Note : If you shut down all nodes at the same time, then you have effectively terminated the cluster. Of course, the cluster's data still exists, but the running cluster no longer exists.
Result :
MariaDB does not start correctly.
Resolution :
Once you restart the servers, you'll need to bootstrap the cluster again. If the cluster is not bootstrapped and MariaDB on the first node is just started normally, then the node will try to connect to at least one of the nodes listed in the wsrep_cluster_address option.
If no nodes are currently running, then this will fail. Bootstrapping the first node solves this problem. In some cases, Galera will refuse to bootstrap a node if it detects that it might not be the most advanced node in the cluster. Galera makes this determination if the node was not the last one in the cluster to be shut down or if the node crashed. In those cases, manual intervention is needed.
If you experience this issue the recovery_galera command solves it
$ /usr/bin/galera_recovery
If we cannot recover with the recovery_galera command it means that we will have to do it manually, for which on the server we will edit the file /var/lib/mysql/grastate.dat and change the value of safe_to_bootstrap: 0 to safe_to_bootstrap: 1 on the server that we believe has the most up-to-date data from the databases.
$ vi /var/lib/mysql/grastate.dat
Then on the same server we execute the following command:
$ galera_new_cluster
And on the other server we start MariaDB normally
$ systemctl restart mariadb
With this, our MariaDB cluster should be normalized.

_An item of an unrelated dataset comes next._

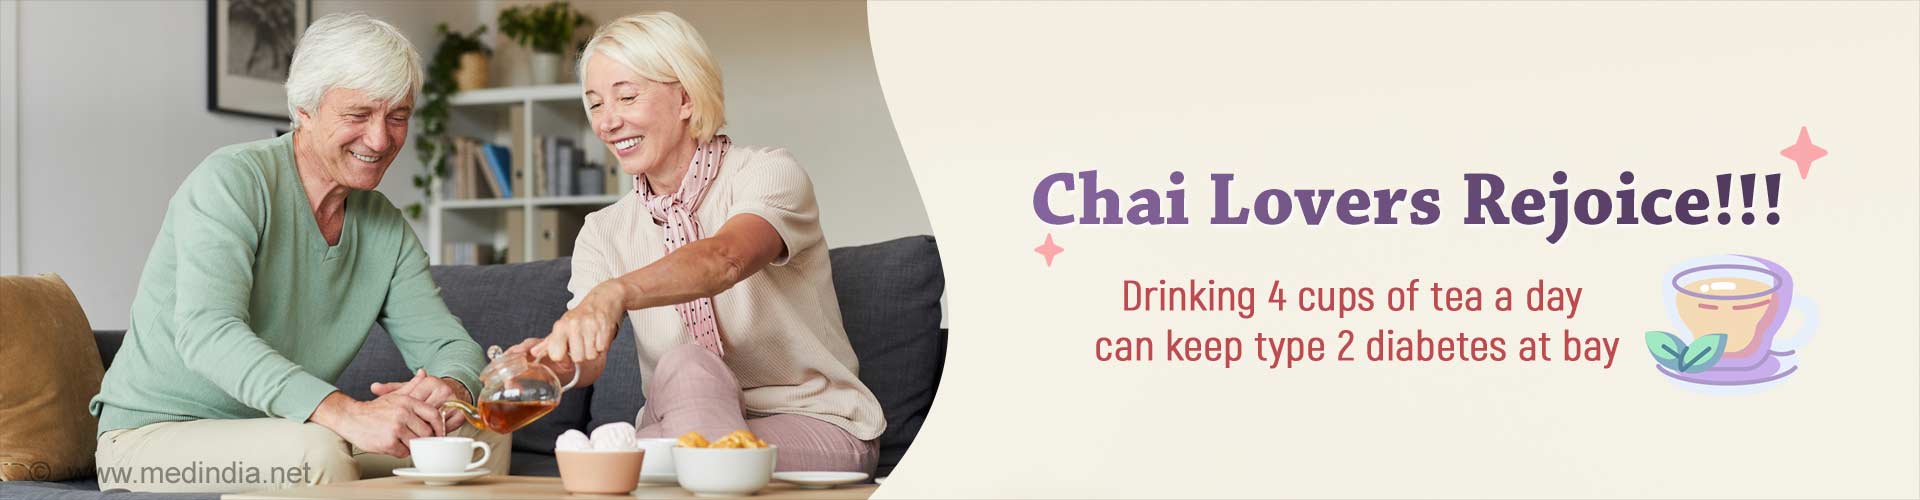 Chai lovers rejoice. Drinking 3 cups of tea a week can make you live longer.
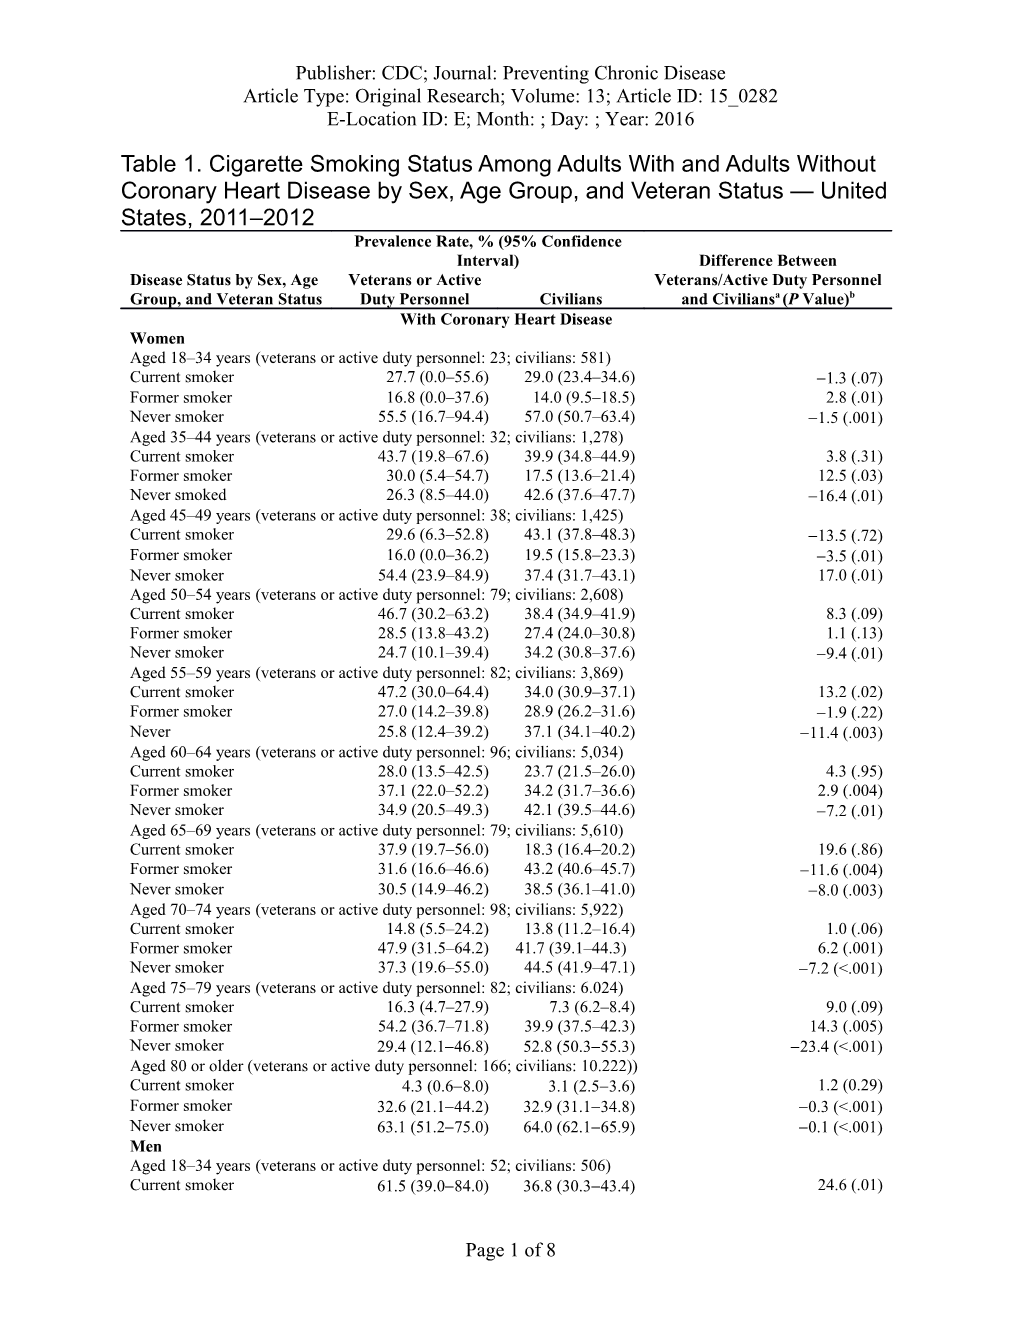 Cigarette Smoking, Reduction and Quit Attempts: Prevalence Among Veterans with Coronary

Situation 3: Lost of network connectivity on node 1

List of cases:
- Network Equipments are down
- Network Cable(s) connected to the server are faulty
- Network interface of the server is faulty
What’s happened:
- The server is unreachable from a network point of view; then the failover service of the cluster will detect that the server is not reachable anymore from the network.
- The result is that the system will failover to the second server and reassign the clustered ip to the second server.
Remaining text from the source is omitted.